Data section:
┌──
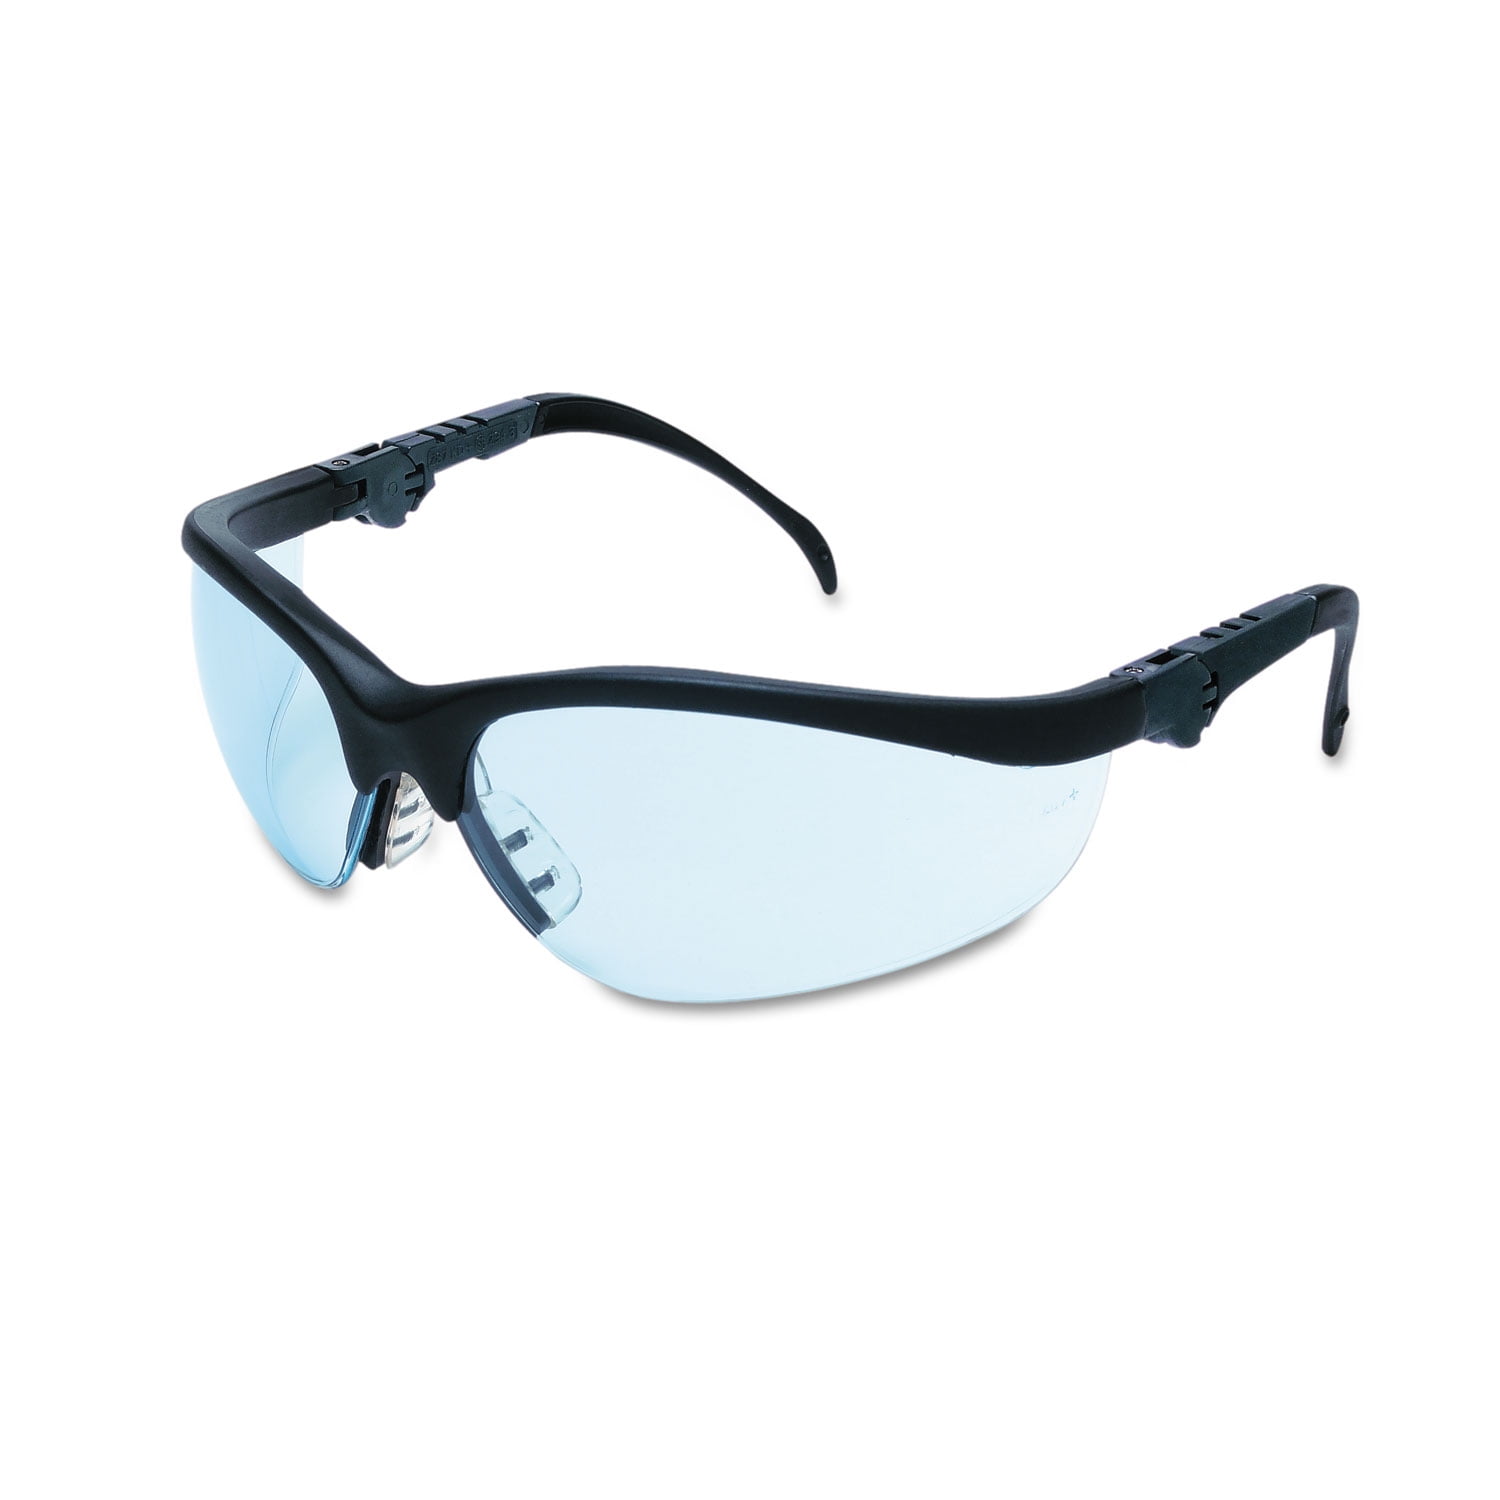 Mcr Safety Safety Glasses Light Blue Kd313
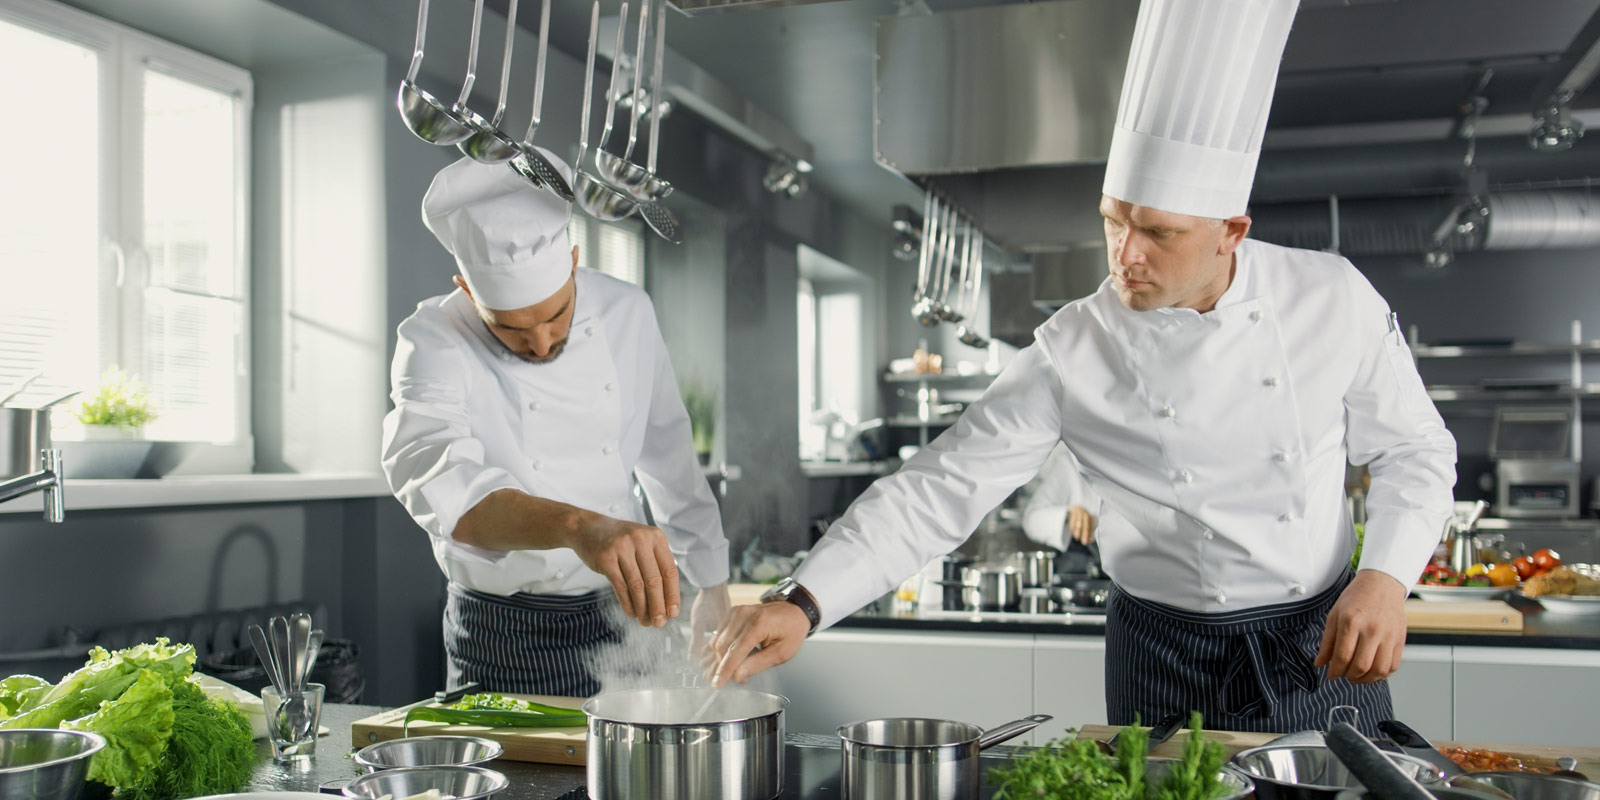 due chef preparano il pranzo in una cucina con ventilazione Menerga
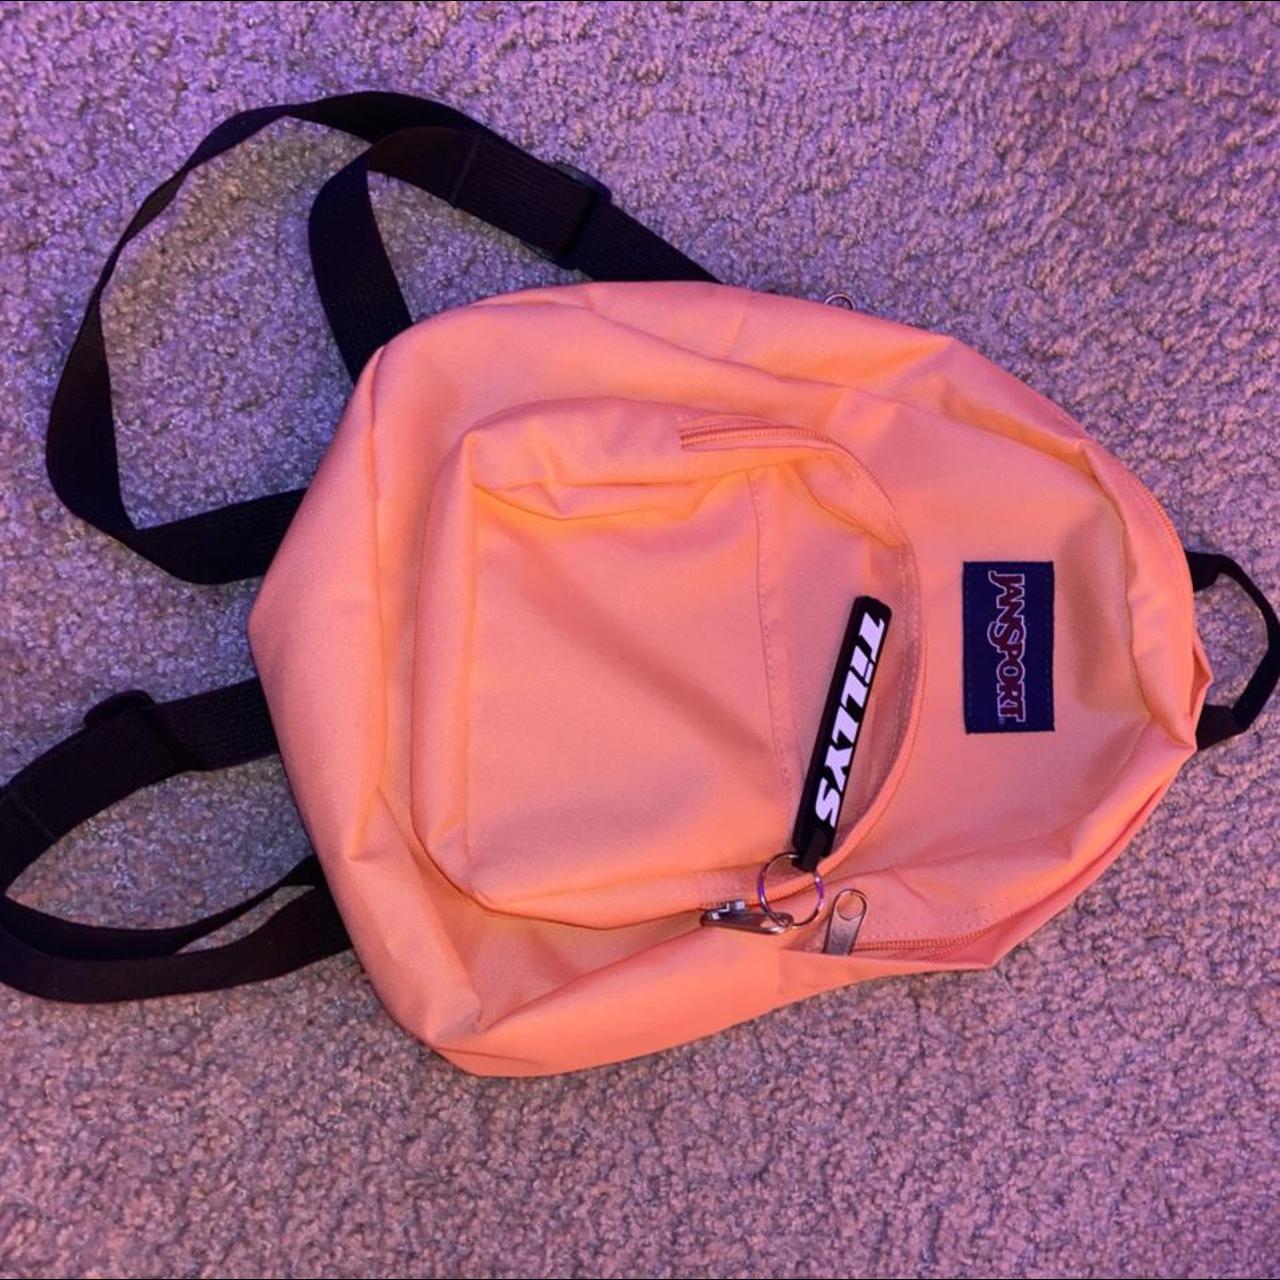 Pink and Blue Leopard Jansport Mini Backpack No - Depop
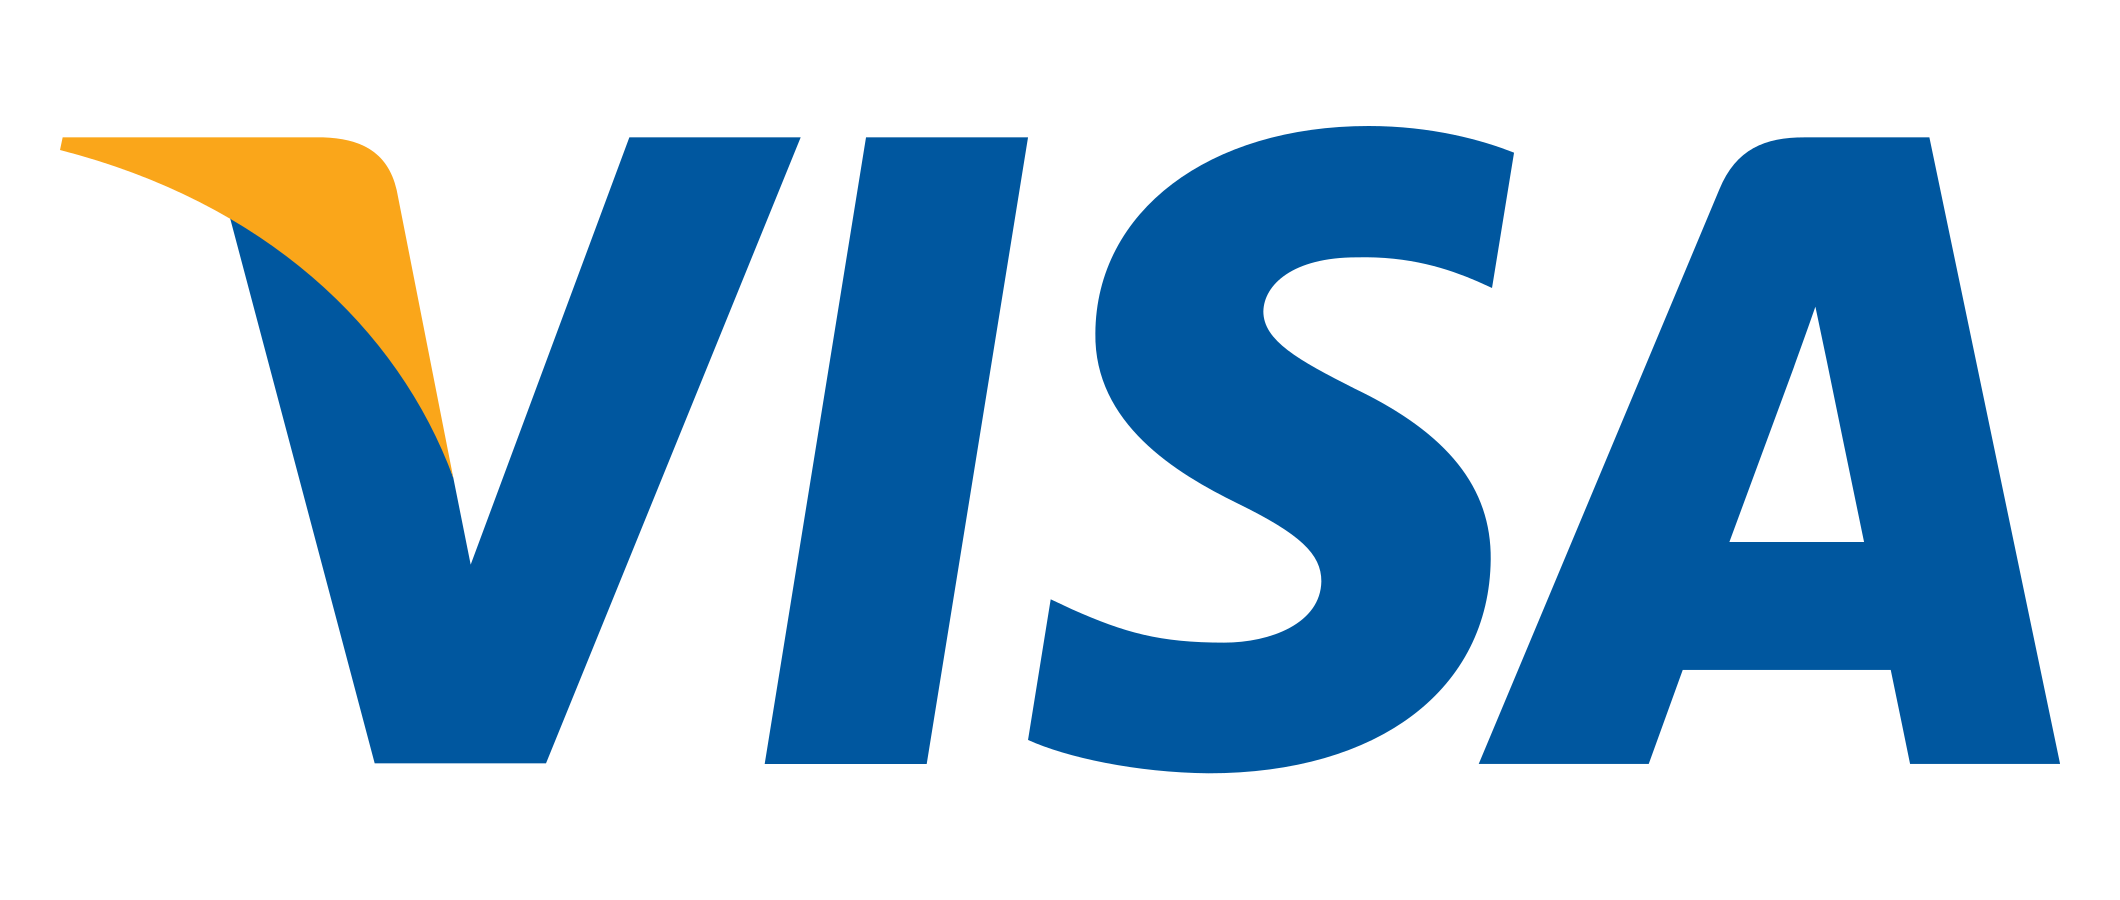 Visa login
└──
Work request: Exactly the lines from the one with "due chef preparano" to the last line of the listing are wanted, both ends included and pictures excluded.

Response to this exercise:
 due chef preparano il pranzo in una cucina con ventilazione Menerga
 Pink and Blue Leopard Jansport Mini Backpack No - Depop
 Visa login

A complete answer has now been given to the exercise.